Hadoop Graphing with Cacti

Categories: Data Ingestion Guest Hadoop

An important part of making sure Apache Hadoop works well for all users is developing and maintaining strong relationships with the folks who run Hadoop day in and day out. Edward Capriolo keeps About.com’s Hadoop cluster happy, and we frequently chew the fat with Ed on issues ranging from administrative best practices to monitoring. Ed’s been an invaluable resource as we beta test our distribution and chase down bugs before our official releases. Today’s article looks at some of Ed’s tricks for monitoring Hadoop with Cacti through JMX. -Christophe

You may have already read Philip’s Hadoop Metrics post, which provides a general overview of the Hadoop Metrics system. Here, we’ll examine Hadoop monitoring with Cacti through JMX.

What is Cacti?

Cacti is an RRD front end. You can learn more about it on the Cacti website.

Cacti differs from Ganglia in that Cacti polls using SNMP or shell scripts while applications push data at Ganglia.

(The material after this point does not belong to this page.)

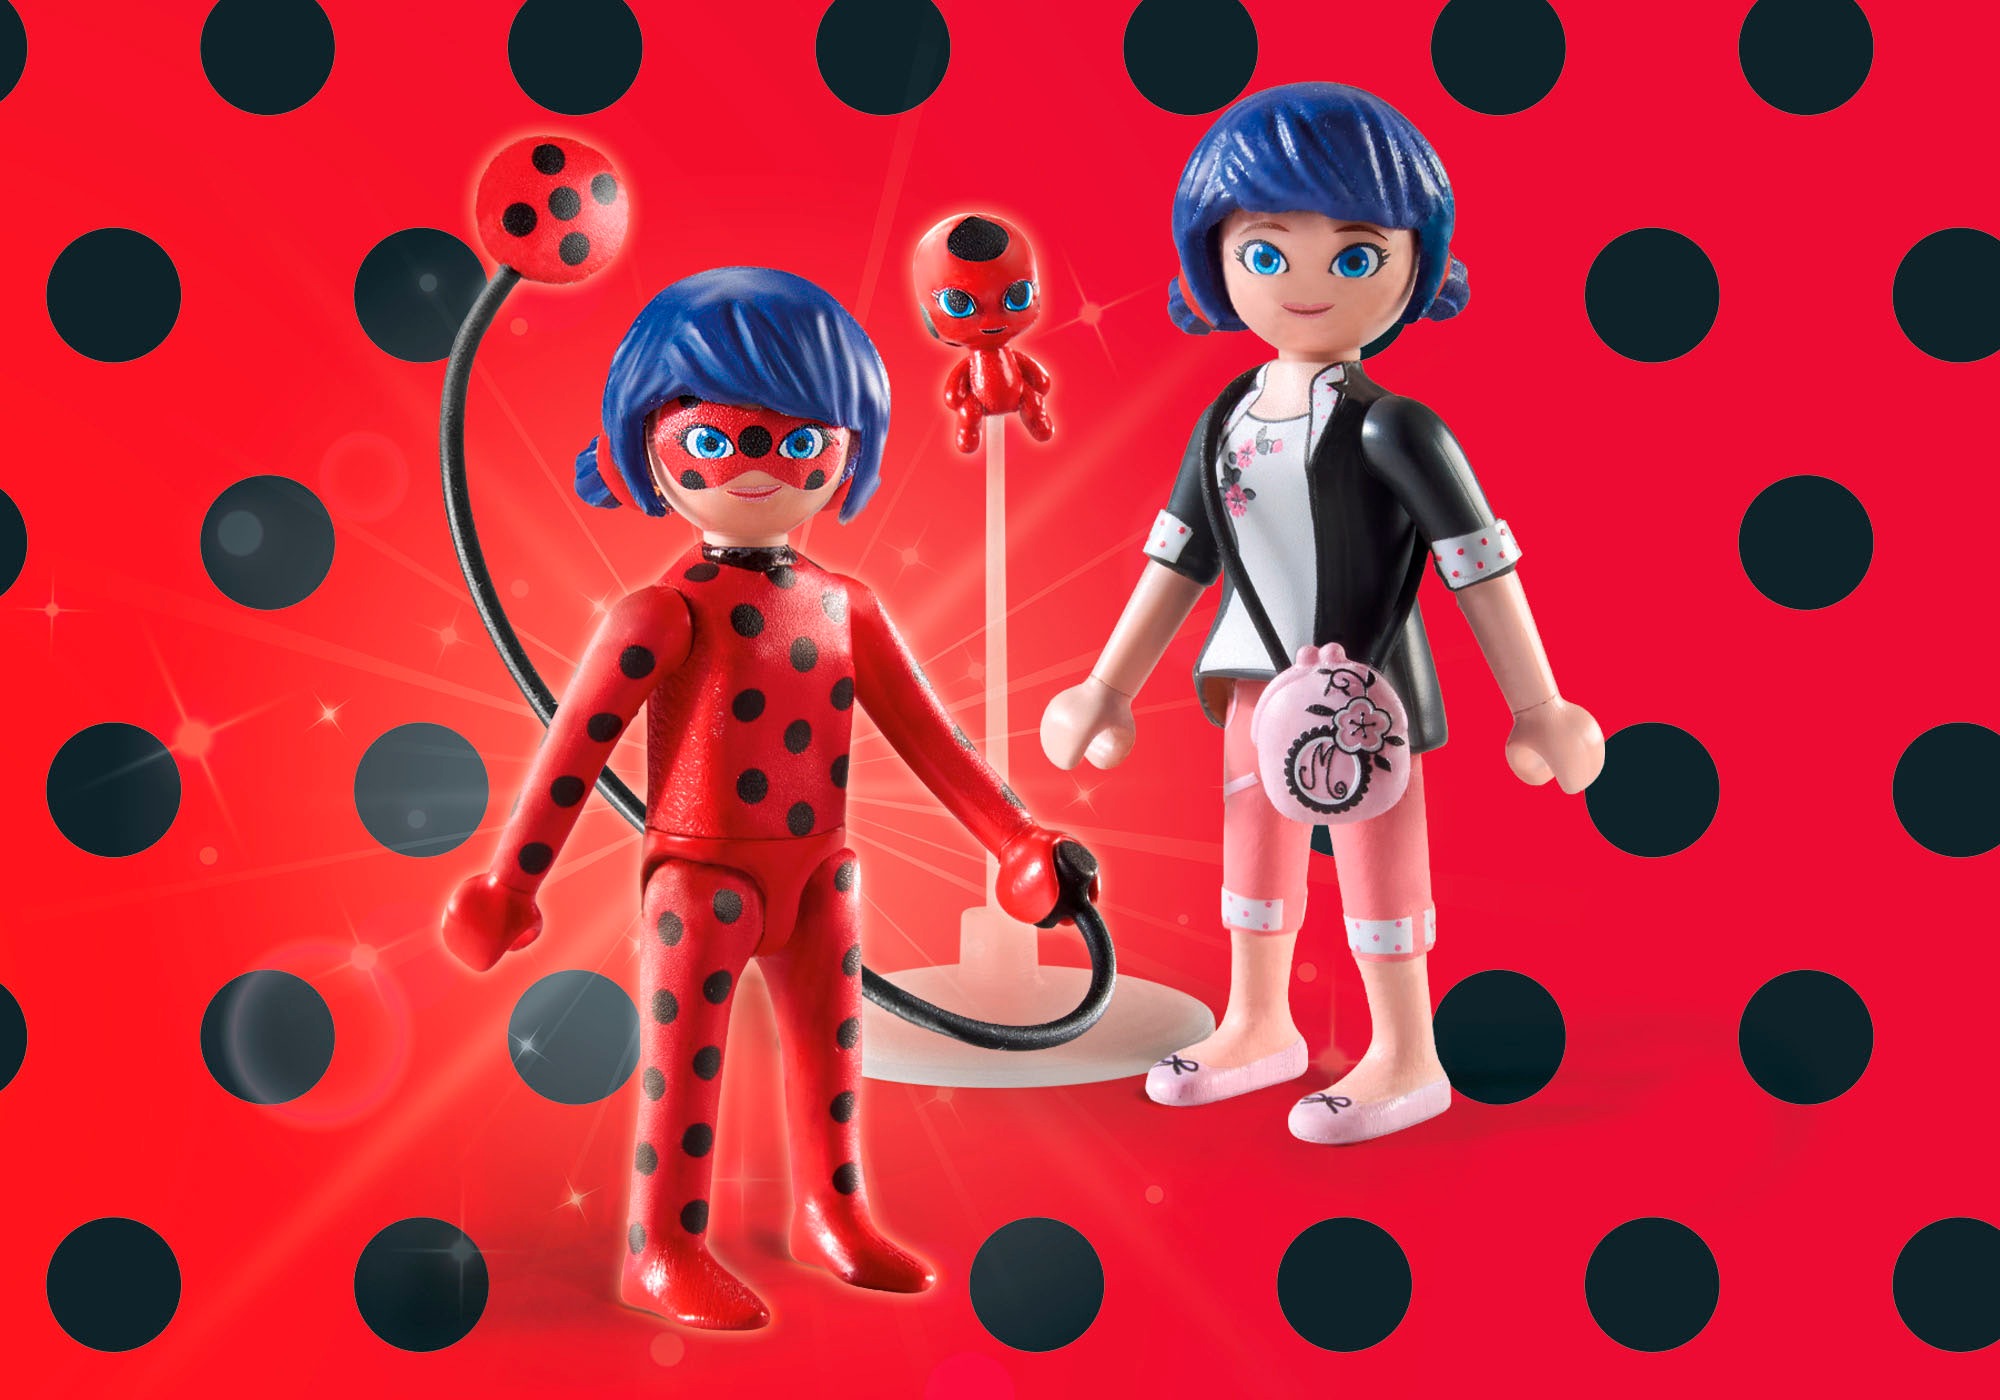 Playmobil® Konstruktions-Spielset »Miraculous: Marinette & Ladybug (71336), Miraculous«, (16 St.), Made in Europe

Both Ganglia and Cacti have feature overlaps, but for those with a large Cacti deployment, installing a secondary statistic system just for Hadoop may not be an option.

I have had great success over the years graphing everything from user CPU, NetApp disk reads to environmental sensors with Cacti. When I saw the information in Hadoop JMX, I started working on a set of Hadoop templates, hadoop-cacti-jtg. My goal was to provide visual representation for all pertinent Hadoop JMX information.

Administrators and developers can use these templates to better manage Hadoop and understand how it is working behind the scenes. Currently, the package has several predefined graphs covering the Hadoop NameNode and DataNode. Let’s walk through some of them.

Hadoop Capacity

Hadoop Capacity provides the same type of information you get from monitoring a standard disk. The top black line represents the maximum capacity. This is all the possible storage on all currently active DataNodes.

You also have the used and free capacity information stacked on top of each other. You can use these variables to trend your file system growth. In most cases your file system should be growing steadily, assuming you have batch processes running on a schedule. You may want to use a Cacti Threshhold alarm at 80%. If the alarm goes off, it’s good practice to clean up unused files, or you can take the lazy way and order more DataNodes :)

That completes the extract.